Massimiliano Fuksas (born January 9, 1944) is an Italian architect. He is the head of Studio Fuksas in partnership with his wife, Doriana Mandrelli Fuksas, with offices in Rome, Paris and Shenzhen.

Biography 

Fuksas was born in Rome in 1944; his father was Lithuanian Jewish while his Catholic mother was the daughter of a French father and an Austrian mother.

At the beginning of the 1960s, he worked for Giorgio de Chirico in Rome. After he left Italy, he worked for a period for Archigram in London, for Henning Larsen and for Jørn Utzon in Copenhagen. He received his degree in architecture from the La Sapienza University in 1969 in Rome, where he opened his first office in 1967, the GRANMA, collaborating with his first-wife Anna Maria Sacconi.
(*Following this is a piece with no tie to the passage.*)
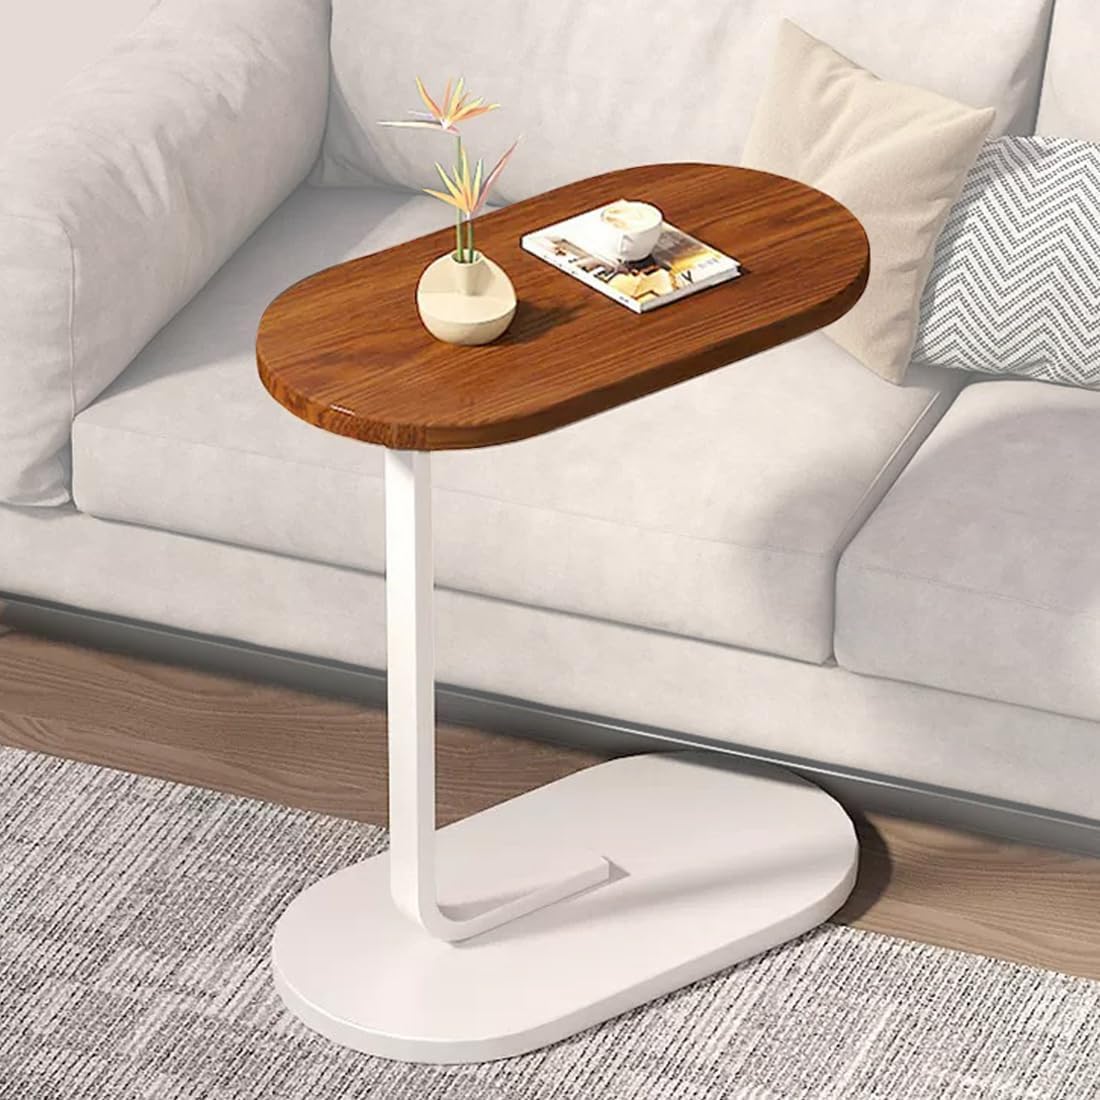 Sofa and Bed Side Table, C Shaped End table Small Coffee Table for Small Spaces

From 1985 he has worked in partnership with his second wife, Doriana Mandrelli, who graduated in Architecture in Paris in 2007. Subsequent offices were opened in Paris (1989) and Vienna (1993), Frankfurt (2002) and Shenzhen, China (2008). Shenzhen Bao'an International Airport's new Terminal 3, which his firm designed and built 2008-2013 (with parametric design support by the engineering firm Knippers Helbig), is an outstanding example for the use of parametric design and production technologies in a large scale building.

Fuksas had two daughters with Doriana Fuksas: Elisa and Lavinia.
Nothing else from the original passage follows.